By Kathleen M. Gallagher
Since California legalized physician-assisted suicide late last year, the proponents of such laws have set their sights on New York, with paid lobbyists, consultants and public relations firms endlessly recounting the story of Brittany Maynard.
You may recall that Ms. Maynard was the young newlywed with terminal brain cancer who moved from California to Oregon to take advantage of that state’s life-ending law. Ms. Maynard’s husband has already been to Albany to push for such a law here, and he’s promising return visits.
But is the young, adventurous, happily married Brittany Maynard the true face of assisted suicide?
It turns out that no, she is not.
The 2015 data from Oregon, the first state to allow assisted suicide, is now available, and it paints a frighteningly different picture of just who is actually accessing the suicide law. The majority of patients are elderly, have no health insurance or rely on government insurance, are isolated and alone and are rarely, if ever, evaluated for clinical depression. The majority request suicide drugs for reasons that have nothing to do with physical pain or suffering: decreasing ability to participate in enjoyable activities, fear of losing autonomy and fear of losing dignity.
These are the people who are most at risk of abuse, coercion and undue pressure to kill themselves.

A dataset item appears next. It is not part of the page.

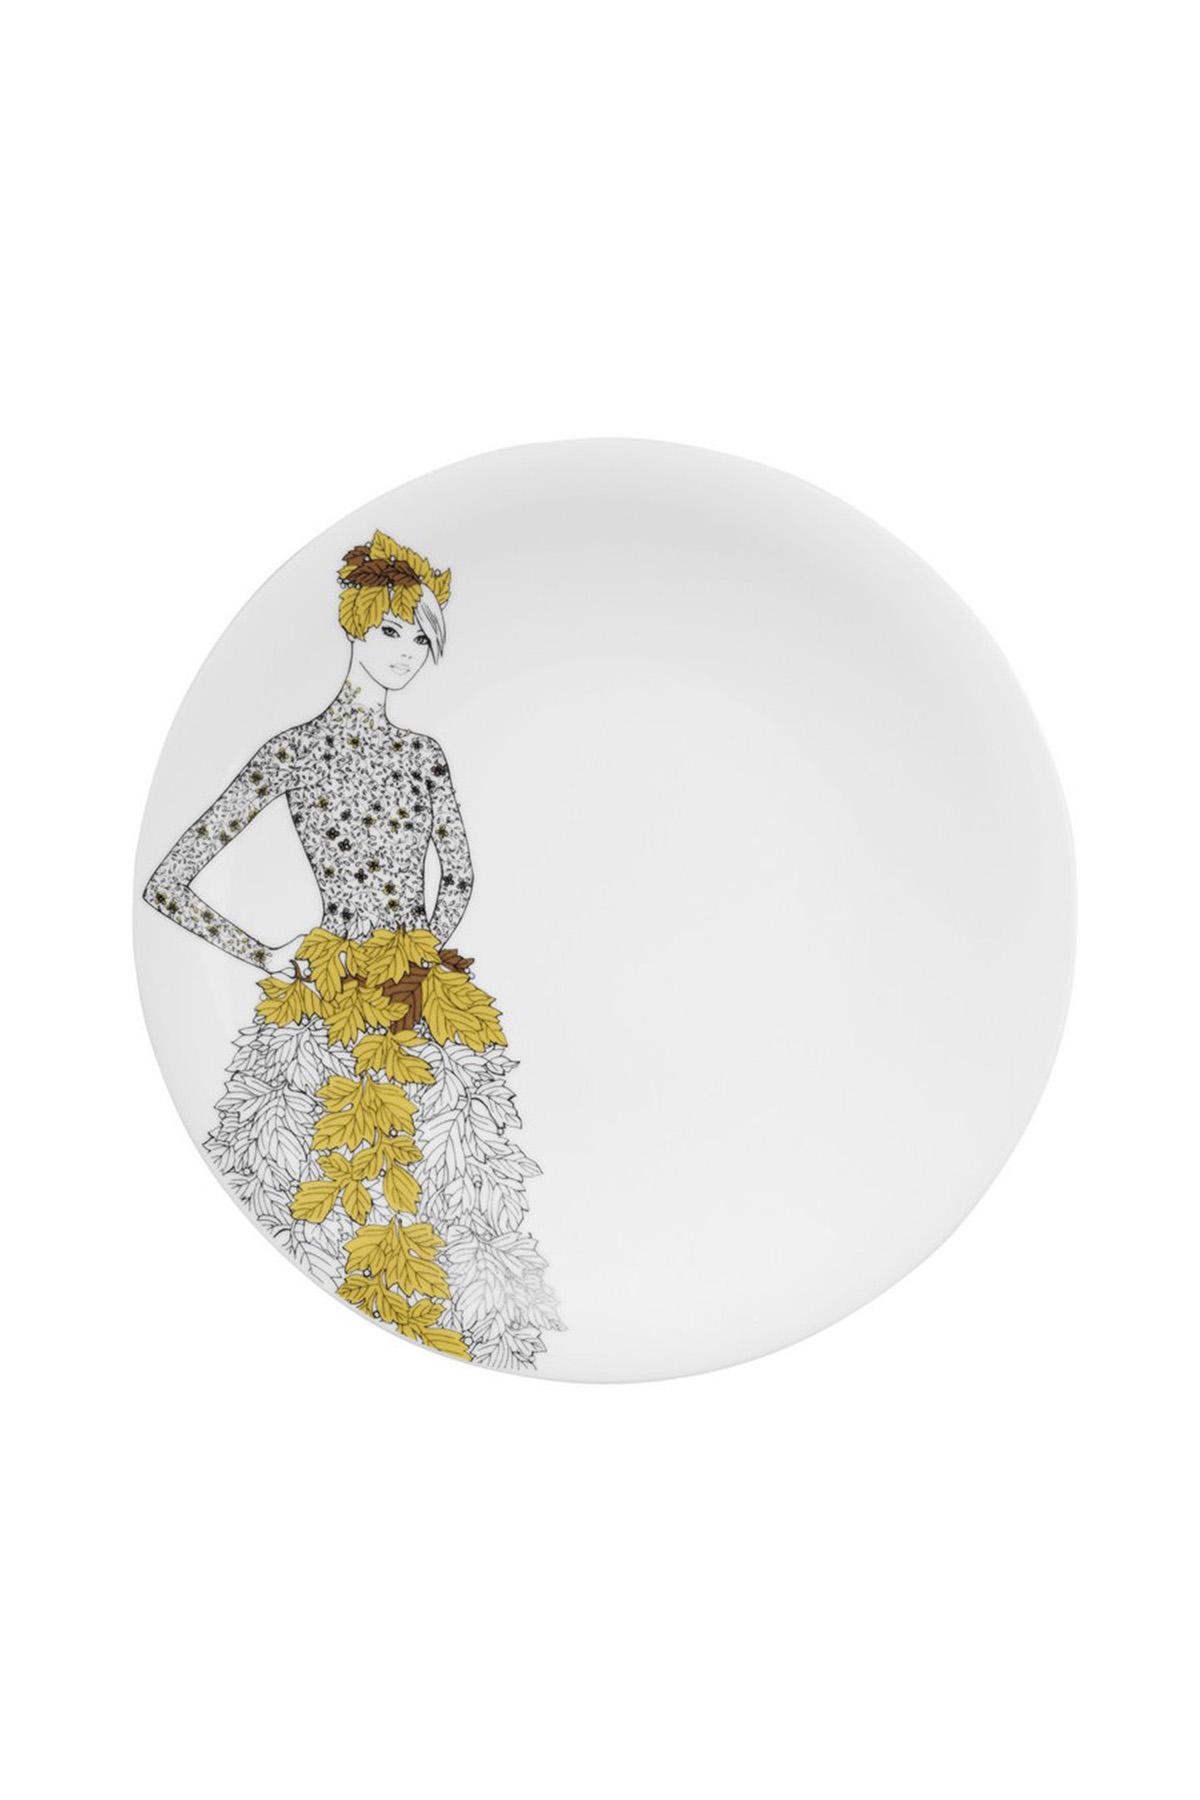 Kütahya Porselen Kadınlarım Serisi 9446 Desen 24 Parça Yemek Seti
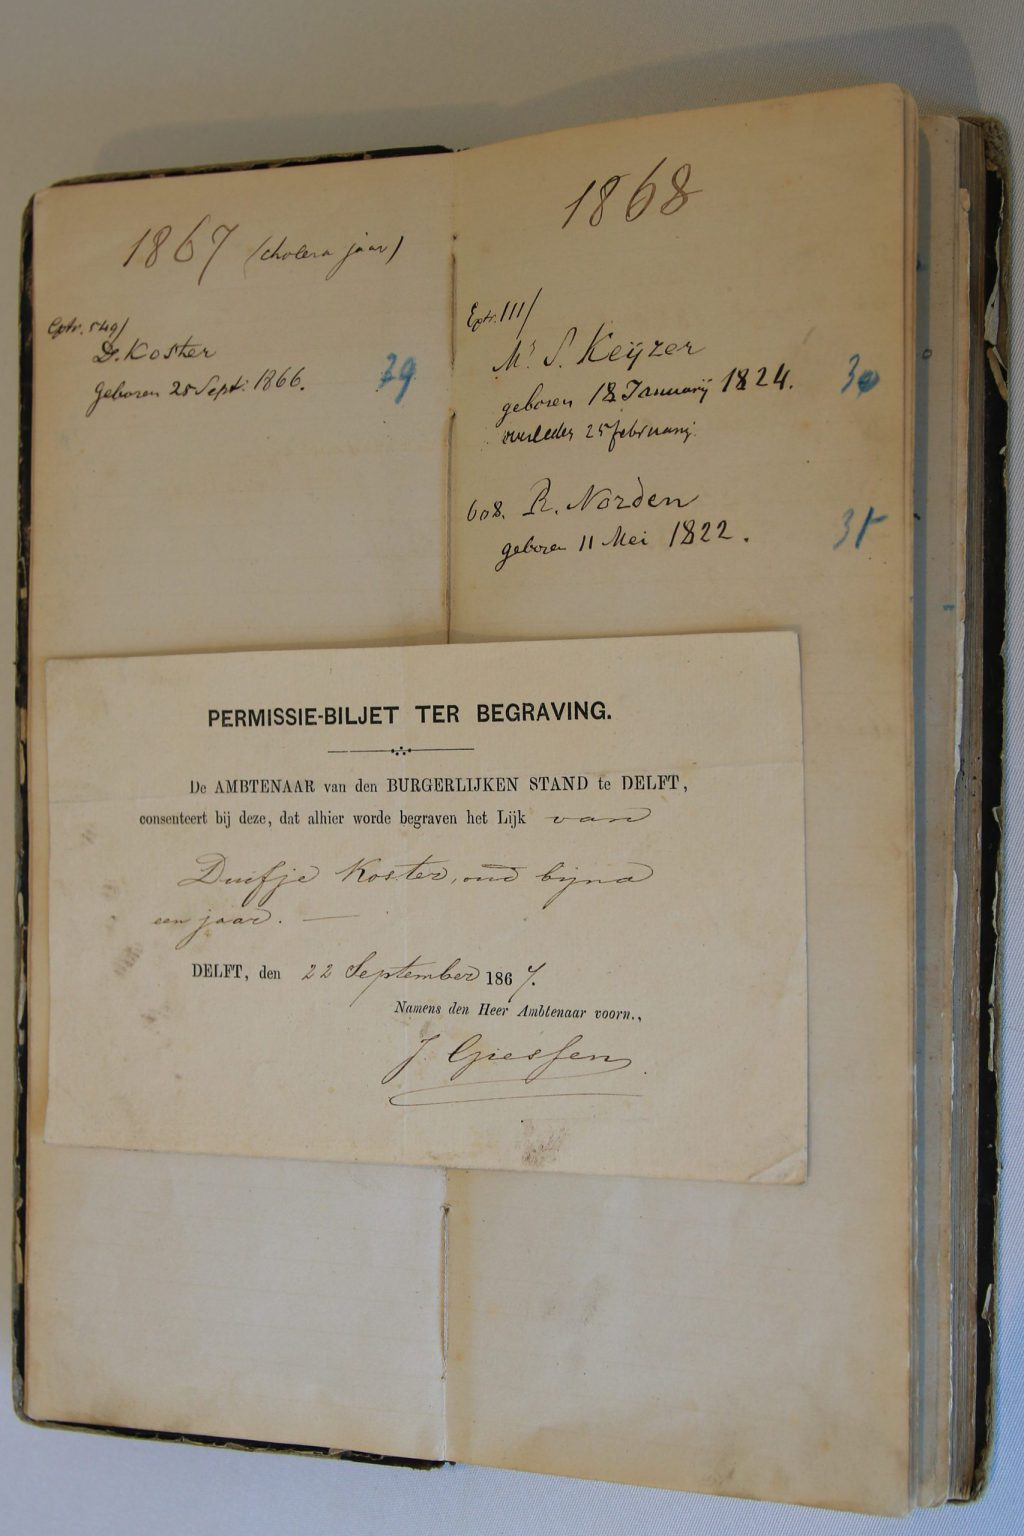 Begraafboek Joodse gemeente, 1860-1919 (Archief 458, inv.nrs 81 en 82)

That’s why it troubles me so much when advocates for assisted suicide trumpet the term “choice” and assert that patients near the end of life should have the “freedom to choose” how and when they die. This isn’t even remotely about free choice.
“Choice” rings hollow when pressures come from family members who increasingly see their financial resources being drained and their loved ones as burdens; when health insurance companies will pay for a lethal dose of drugs, but deny a claim for expensive chemotherapy treatments; when health providers subtly make judgment calls about whose lives are worth living and whose are not; and when the mechanisms of our very government sanction and assist in death-making.
Choice is an illusion, a marketing tool, a brand.
It troubles me even more that lawmakers are considering this radical change in our law without seriously contemplating what we can do – and should do – for those who are terminally ill and fearing death.
Is helping to cause their death the most we can offer them? Can’t we do more to remove the barriers preventing patients from accessing quality hospice programs?
Can’t we train more medical professionals in palliative care and pain management? Can’t we provide the comfort and compassion and companionship that will allow people to die a natural death with true dignity?
I happened to hear former New York Attorney General Dennis Vacco speaking about this issue on a radio program. Vacco is the man who defended New York’s law prohibiting assisted suicide all the way up to the U.S. Supreme Court back in 1997. He was talking about that very law when he said:
“We need the statute exactly where it is for the tens of thousands of New Yorkers who are warehoused in assisted living facilities, whose families never come to see them, who are suffering from depression, and maybe not mentally competent; that’s why this law needs to stay exactly where it is. Not for the Brittany Maynards, but for all those unnamed people who are potential victims.”
The case of Brittany Maynard should not obscure the ethical and medical minefield that is physician-assisted suicide.
Kathleen M. Gallagher is director of pro-life activities for the New York State Catholic Conference.